▸ **TASK ITEM**:
Below are some records; return each one exactly.
§ §
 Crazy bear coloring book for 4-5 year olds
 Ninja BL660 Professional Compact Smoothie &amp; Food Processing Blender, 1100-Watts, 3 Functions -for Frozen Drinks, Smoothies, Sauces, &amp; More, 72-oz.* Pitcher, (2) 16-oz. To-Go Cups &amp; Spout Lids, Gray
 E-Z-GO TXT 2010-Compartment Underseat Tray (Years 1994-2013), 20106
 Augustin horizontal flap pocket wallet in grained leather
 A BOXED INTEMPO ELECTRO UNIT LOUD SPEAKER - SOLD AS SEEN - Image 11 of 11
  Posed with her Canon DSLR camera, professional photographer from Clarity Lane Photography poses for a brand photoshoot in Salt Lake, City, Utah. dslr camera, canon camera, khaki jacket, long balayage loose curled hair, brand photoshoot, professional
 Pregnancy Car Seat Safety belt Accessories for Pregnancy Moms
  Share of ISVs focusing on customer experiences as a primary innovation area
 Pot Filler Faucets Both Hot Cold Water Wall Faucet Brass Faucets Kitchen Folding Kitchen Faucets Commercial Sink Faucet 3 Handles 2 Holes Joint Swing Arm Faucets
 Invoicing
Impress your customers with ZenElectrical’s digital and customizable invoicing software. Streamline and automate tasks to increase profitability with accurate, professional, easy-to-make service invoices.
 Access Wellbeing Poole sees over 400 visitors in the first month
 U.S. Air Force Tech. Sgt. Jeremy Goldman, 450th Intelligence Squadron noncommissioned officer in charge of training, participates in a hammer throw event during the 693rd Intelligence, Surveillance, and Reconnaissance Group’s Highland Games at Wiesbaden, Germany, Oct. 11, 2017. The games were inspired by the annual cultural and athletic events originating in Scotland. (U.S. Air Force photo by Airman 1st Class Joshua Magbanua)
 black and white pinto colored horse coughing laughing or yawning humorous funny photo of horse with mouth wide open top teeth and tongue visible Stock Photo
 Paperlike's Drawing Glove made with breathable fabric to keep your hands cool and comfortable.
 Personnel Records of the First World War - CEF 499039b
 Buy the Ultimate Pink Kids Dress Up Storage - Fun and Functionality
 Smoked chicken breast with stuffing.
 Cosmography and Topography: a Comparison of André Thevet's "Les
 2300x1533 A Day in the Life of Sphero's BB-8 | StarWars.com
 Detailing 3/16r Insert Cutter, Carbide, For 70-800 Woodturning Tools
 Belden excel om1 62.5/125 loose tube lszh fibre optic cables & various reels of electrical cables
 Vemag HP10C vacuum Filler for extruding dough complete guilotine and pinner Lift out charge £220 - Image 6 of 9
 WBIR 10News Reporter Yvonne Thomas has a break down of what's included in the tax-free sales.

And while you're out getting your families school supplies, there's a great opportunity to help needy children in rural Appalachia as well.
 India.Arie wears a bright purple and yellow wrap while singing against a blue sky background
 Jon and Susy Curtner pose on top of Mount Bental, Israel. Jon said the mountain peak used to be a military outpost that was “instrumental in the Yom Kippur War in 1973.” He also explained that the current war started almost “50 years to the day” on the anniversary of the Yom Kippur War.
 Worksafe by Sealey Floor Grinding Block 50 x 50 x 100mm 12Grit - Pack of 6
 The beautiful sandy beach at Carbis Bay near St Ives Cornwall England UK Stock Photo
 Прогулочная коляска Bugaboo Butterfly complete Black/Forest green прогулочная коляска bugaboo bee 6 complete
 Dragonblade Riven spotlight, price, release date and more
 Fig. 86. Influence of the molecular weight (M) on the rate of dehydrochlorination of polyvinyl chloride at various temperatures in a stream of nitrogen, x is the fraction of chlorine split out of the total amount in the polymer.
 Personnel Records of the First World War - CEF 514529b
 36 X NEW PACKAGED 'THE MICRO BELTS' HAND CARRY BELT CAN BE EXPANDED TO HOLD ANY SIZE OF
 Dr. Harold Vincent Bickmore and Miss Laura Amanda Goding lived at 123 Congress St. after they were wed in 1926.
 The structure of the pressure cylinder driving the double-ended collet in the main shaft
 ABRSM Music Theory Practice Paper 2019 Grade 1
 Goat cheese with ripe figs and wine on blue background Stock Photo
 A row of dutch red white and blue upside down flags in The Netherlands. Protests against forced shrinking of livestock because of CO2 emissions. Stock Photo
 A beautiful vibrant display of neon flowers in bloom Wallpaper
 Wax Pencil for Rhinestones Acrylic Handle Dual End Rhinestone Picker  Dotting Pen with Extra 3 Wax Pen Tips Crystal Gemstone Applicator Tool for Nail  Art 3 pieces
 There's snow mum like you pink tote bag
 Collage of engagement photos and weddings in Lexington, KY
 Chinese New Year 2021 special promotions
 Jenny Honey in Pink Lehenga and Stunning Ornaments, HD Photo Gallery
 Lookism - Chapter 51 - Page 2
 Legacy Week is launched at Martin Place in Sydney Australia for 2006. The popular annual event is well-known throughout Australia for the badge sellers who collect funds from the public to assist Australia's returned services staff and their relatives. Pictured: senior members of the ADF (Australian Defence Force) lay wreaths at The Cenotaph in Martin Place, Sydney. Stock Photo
§ §
▸ **TASK ANSWER**:
 Crazy bear coloring book for 4-5 year olds
 Ninja BL660 Professional Compact Smoothie &amp; Food Processing Blender, 1100-Watts, 3 Functions -for Frozen Drinks, Smoothies, Sauces, &amp; More, 72-oz.* Pitcher, (2) 16-oz. To-Go Cups &amp; Spout Lids, Gray
 E-Z-GO TXT 2010-Compartment Underseat Tray (Years 1994-2013), 20106
 Augustin horizontal flap pocket wallet in grained leather
 A BOXED INTEMPO ELECTRO UNIT LOUD SPEAKER - SOLD AS SEEN - Image 11 of 11
  Posed with her Canon DSLR camera, professional photographer from Clarity Lane Photography poses for a brand photoshoot in Salt Lake, City, Utah. dslr camera, canon camera, khaki jacket, long balayage loose curled hair, brand photoshoot, professional
 Pregnancy Car Seat Safety belt Accessories for Pregnancy Moms
  Share of ISVs focusing on customer experiences as a primary innovation area
 Pot Filler Faucets Both Hot Cold Water Wall Faucet Brass Faucets Kitchen Folding Kitchen Faucets Commercial Sink Faucet 3 Handles 2 Holes Joint Swing Arm Faucets
 Invoicing
Impress your customers with ZenElectrical’s digital and customizable invoicing software. Streamline and automate tasks to increase profitability with accurate, professional, easy-to-make service invoices.
 Access Wellbeing Poole sees over 400 visitors in the first month
 U.S. Air Force Tech. Sgt. Jeremy Goldman, 450th Intelligence Squadron noncommissioned officer in charge of training, participates in a hammer throw event during the 693rd Intelligence, Surveillance, and Reconnaissance Group’s Highland Games at Wiesbaden, Germany, Oct. 11, 2017. The games were inspired by the annual cultural and athletic events originating in Scotland. (U.S. Air Force photo by Airman 1st Class Joshua Magbanua)
 black and white pinto colored horse coughing laughing or yawning humorous funny photo of horse with mouth wide open top teeth and tongue visible Stock Photo
 Paperlike's Drawing Glove made with breathable fabric to keep your hands cool and comfortable.
 Personnel Records of the First World War - CEF 499039b
 Buy the Ultimate Pink Kids Dress Up Storage - Fun and Functionality
 Smoked chicken breast with stuffing.
 Cosmography and Topography: a Comparison of André Thevet's "Les
 2300x1533 A Day in the Life of Sphero's BB-8 | StarWars.com
 Detailing 3/16r Insert Cutter, Carbide, For 70-800 Woodturning Tools
 Belden excel om1 62.5/125 loose tube lszh fibre optic cables & various reels of electrical cables
 Vemag HP10C vacuum Filler for extruding dough complete guilotine and pinner Lift out charge £220 - Image 6 of 9
 WBIR 10News Reporter Yvonne Thomas has a break down of what's included in the tax-free sales.

And while you're out getting your families school supplies, there's a great opportunity to help needy children in rural Appalachia as well.
 India.Arie wears a bright purple and yellow wrap while singing against a blue sky background
 Jon and Susy Curtner pose on top of Mount Bental, Israel. Jon said the mountain peak used to be a military outpost that was “instrumental in the Yom Kippur War in 1973.” He also explained that the current war started almost “50 years to the day” on the anniversary of the Yom Kippur War.
 Worksafe by Sealey Floor Grinding Block 50 x 50 x 100mm 12Grit - Pack of 6
 The beautiful sandy beach at Carbis Bay near St Ives Cornwall England UK Stock Photo
 Прогулочная коляска Bugaboo Butterfly complete Black/Forest green прогулочная коляска bugaboo bee 6 complete
 Dragonblade Riven spotlight, price, release date and more
 Fig. 86. Influence of the molecular weight (M) on the rate of dehydrochlorination of polyvinyl chloride at various temperatures in a stream of nitrogen, x is the fraction of chlorine split out of the total amount in the polymer.
 Personnel Records of the First World War - CEF 514529b
 36 X NEW PACKAGED 'THE MICRO BELTS' HAND CARRY BELT CAN BE EXPANDED TO HOLD ANY SIZE OF
 Dr. Harold Vincent Bickmore and Miss Laura Amanda Goding lived at 123 Congress St. after they were wed in 1926.
 The structure of the pressure cylinder driving the double-ended collet in the main shaft
 ABRSM Music Theory Practice Paper 2019 Grade 1
 Goat cheese with ripe figs and wine on blue background Stock Photo
 A row of dutch red white and blue upside down flags in The Netherlands. Protests against forced shrinking of livestock because of CO2 emissions. Stock Photo
 A beautiful vibrant display of neon flowers in bloom Wallpaper
 Wax Pencil for Rhinestones Acrylic Handle Dual End Rhinestone Picker  Dotting Pen with Extra 3 Wax Pen Tips Crystal Gemstone Applicator Tool for Nail  Art 3 pieces
 There's snow mum like you pink tote bag
 Collage of engagement photos and weddings in Lexington, KY
 Chinese New Year 2021 special promotions
 Jenny Honey in Pink Lehenga and Stunning Ornaments, HD Photo Gallery
 Lookism - Chapter 51 - Page 2
 Legacy Week is launched at Martin Place in Sydney Australia for 2006. The popular annual event is well-known throughout Australia for the badge sellers who collect funds from the public to assist Australia's returned services staff and their relatives. Pictured: senior members of the ADF (Australian Defence Force) lay wreaths at The Cenotaph in Martin Place, Sydney. Stock Photo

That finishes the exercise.